3. Cleveland Clinic – Compliance Credits Earned Via Integrated Reporting

  • Challenge: Annual HIPAA audit required manual evidence collection for each device class.
  • Solution: Platform generated real‑time compliance dashboards linked directly to device risk scores.
  • Outcome: Audit time reduced by 73 %, and the clinic earned $450,000 in compliance‑related insurance discounts (Cleveland Clinic Risk Management, 2025).
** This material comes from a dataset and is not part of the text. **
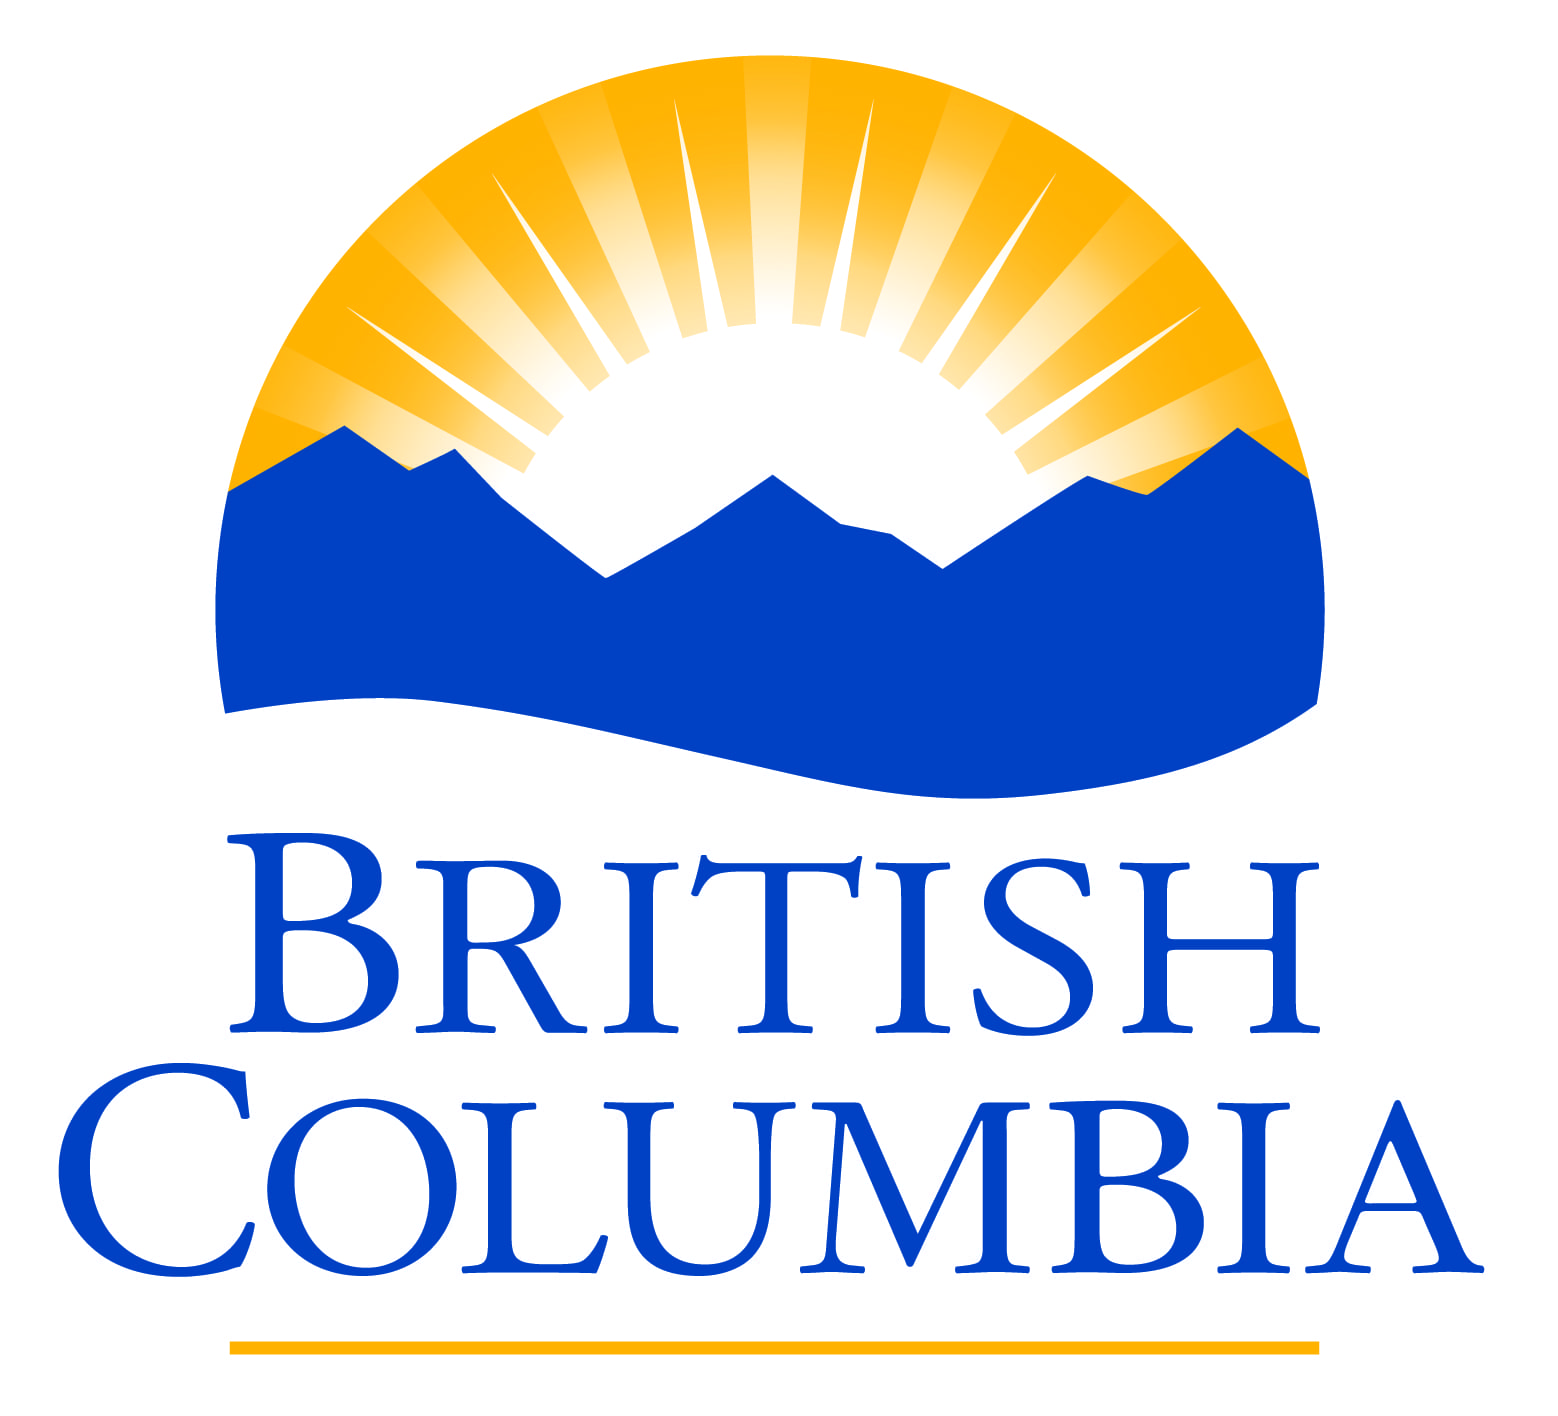 March 28 update on COVID-19 in BC

Measurable Impact Metrics that Matter

  • Incident Frequency Reduction – % change in device‑related security events per quarter.
  • Mean‑time‑to‑Detect (MTTD) – seconds from anomalous behavior to alert generation.
  • Mean‑Time‑to‑Remediate (MTTR) – minutes from detection to accomplished mitigation.
  • Compliance Credit Score – points earned against HIPAA/NIST benchmarks.
  • Operational Cost Savings – calculated from reduced downtime, fewer manual audits, and lower breach insurance premiums.
  • Patient Safety Index – correlation between security improvements and adverse event rates (e.g., medication errors).

benefits of an Outcome‑Focused IoT Security Strategy

  • Higher Executive Buy‑In – Tangible ROI accelerates budget approvals.
  • Improved Patient Trust – Demonstrable security measures enhance hospital reputation.
  • Reduced Regulatory risk – Automated compliance reporting minimizes audit findings.
  • Scalable Security Posture – Outcome metrics guide consistent protection across new facilities.
  • Proactive Threat Management – Early‑stage anomaly detection prevents full‑scale attacks.

Implementation Checklist for Health IT Leaders

  1. Audit Current Visibility – Confirm percentage of devices with up‑to‑date inventory.
  2. Define Impact KPIs – select at least three measurable outcomes (e.g., MTTR, compliance credits).
  3. Select a KLAS‑Rated Platform – Verify that the solution scores ≥ 4.0 in the Impact pillar.
  4. Map Devices to Clinical Risk – Prioritize assets based on patient exposure and criticality.
  5. Deploy Zero‑Trust Segmentation – Isolate device groups before full integration.
  6. Configure Automated Remediation – Enable patch‑auto‑apply for non‑clinical devices.
  7. Integrate Reporting APIs – Feed security KPIs into existing performance dashboards.
  8. Run a Pilot Phase – measure baseline vs. post‑deployment metrics over 60 days.
  9. Iterate Policies – Adjust risk thresholds based on pilot results and clinical feedback.
  10. Report to Stakeholders – Present impact data in quarterly C‑suite briefings.

Sources: KLAS IoT Security Report 2025; FDA Post‑Market Cybersecurity Guidance 2023; NIST Cybersecurity Framework 2022; Mayo Clinic IT Quarterly Review 2024; Kaiser Permanente Finance Review 2025; Cleveland Clinic Risk Management Publication 2025.